We use the GeoMesa Spark SQL functions (available in Scala) to convert the WKT shapes into GeoTools Geometry objects. To explore some additional operations, we will also compute the country area. Note that the `st_area` operation computes the area in *squared degrees* directly from geographical coordinates. As the Earth is not a perfect sphere, this makes comparisons between countries slightly imprecise.

In [27]:
%scala
import org.apache.spark.sql.SQLTypes
import org.apache.spark.sql.functions._
import org.locationtech.geomesa.spark.jts._

// Register custom Geometry types
SQLTypes.init(sqlContext)

val countries =
table("countries")
  .withColumn("geometry", st_geomFromWKT($"geometry"))
  .select(
    $"ADM0_A3_IS".as("country_code"),
    $"Name".as("country"),
    $"geometry",
    st_area($"geometry").as("area")
  )
  .cache
display(countries.limit(1))

country_code,country,geometry,area
FJI,Fiji,"MULTIPOLYGON (((180 -16.06713266364245, 180 -16.5552165666392, 179.3641426619641 -16.80135407694688, 178.7250593629971 -17.01204167436804, 178.5968385951171 -16.63915, 179.0966093629971 -16.4339842775474, 179.4135093629971 -16.3790542775474, 180 -16.06713266364245)), ((178.12557 -17.50481, 178.3736 -17.33992, 178.71806 -17.62846, 178.55271 -18.15059, 177.93266 -18.28799, 177.38146 -18.16432, 177.28504 -17.72465, 177.67087 -17.38114, 178.12557 -17.50481)), ((-179.7933201090486 -16.02088225674122, -179.9173693847653 -16.5017831356494, -180 -16.5552165666392, -180 -16.06713266364245, -179.7933201090486 -16.02088225674122)))",1.6395109959007912


We use GeoMesa Spark SQL [Spatial joins](https://www.geomesa.org/documentation/tutorials/dwithin-join.html) in order to map airports to countries.

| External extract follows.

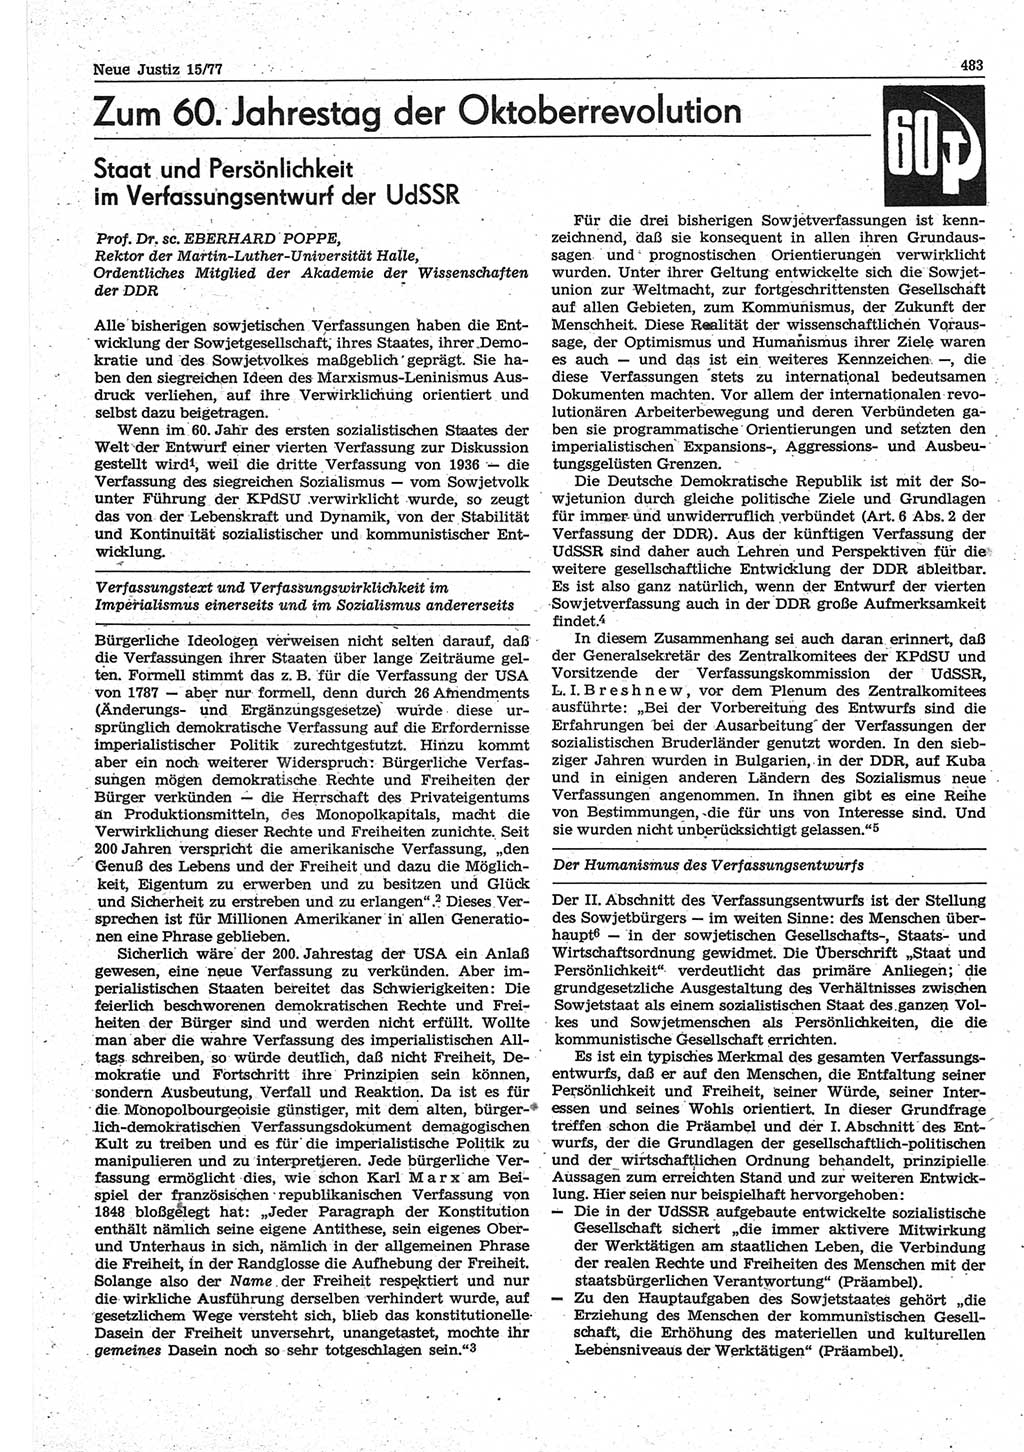 Neue Justiz (NJ), Zeitschrift für Recht und Rechtswissenschaft-Zeitschrift, sozialistisches Recht und Gesetzlichkeit, 31. Jahrgang 1977, Seite 483 (NJ DDR 1977, S. 483)

In our particular case, the code runs in around 10 seconds on a single worker node, given the overhead of distribution, but is highly scalable.

In [29]:
%scala

val airportCountries = countries.as("countries")
  .join(table("airports"), st_contains($"countries.geometry", st_point($"airports.Longitude", $"airports.Latitude")))
  .cache

 val airportsSummary = airportCountries.groupBy($"countries.country_code")
  .agg(
    first($"countries.country").as("country"),
    first($"countries.area").as("area"),
    count($"airports.Name").as("airports")
  )
  .orderBy(desc("airports"))
  .cache

display(airportsSummary)

country_code,country,area,airports
USA,United States of America,1122.28192077808,1451
CAN,Canada,1712.9952276493768,391
AUS,Australia,695.5455009461047,287
RUS,Russia,2935.205205440517,261
BRA,Brazil,710.1852431533746,260
CHN,China,954.6353412364668,240
DEU,Germany,45.92359430736883,232
FRA,France,72.61566570396077,212
IND,India,277.9247129920647,140
GBR,United Kingdom,34.20295398919943,131


The United States appear to be the country with the most airports.  In Databricks, switch to a World Map visualization to view the data graphically.

Let's normalize the data by country area (and take the square root of that value to generate a more interesting color scale when plotting the data as a world map).

In [31]:
%scala
display(airportsSummary
        .select($"country_code", sqrt($"airports"/$"area").as("airports_per_deg_sq_sqrt_scale"))
        .orderBy(desc("airports_per_deg_sq_sqrt_scale"))
)

country_code,airports_per_deg_sq_sqrt_scale
CYP,2.855161221472392
CHE,2.843929870455225
PRI,2.759370339976614
ISR,2.619056743190121
BEL,2.60547812306752
CRI,2.599750008360929
VUT,2.517114964720261
DEU,2.247636399010544
BHS,2.2362623706993867
NLD,2.179237860356214


Cyprus and Switzerland (CHE) are the countries with the highest airport density.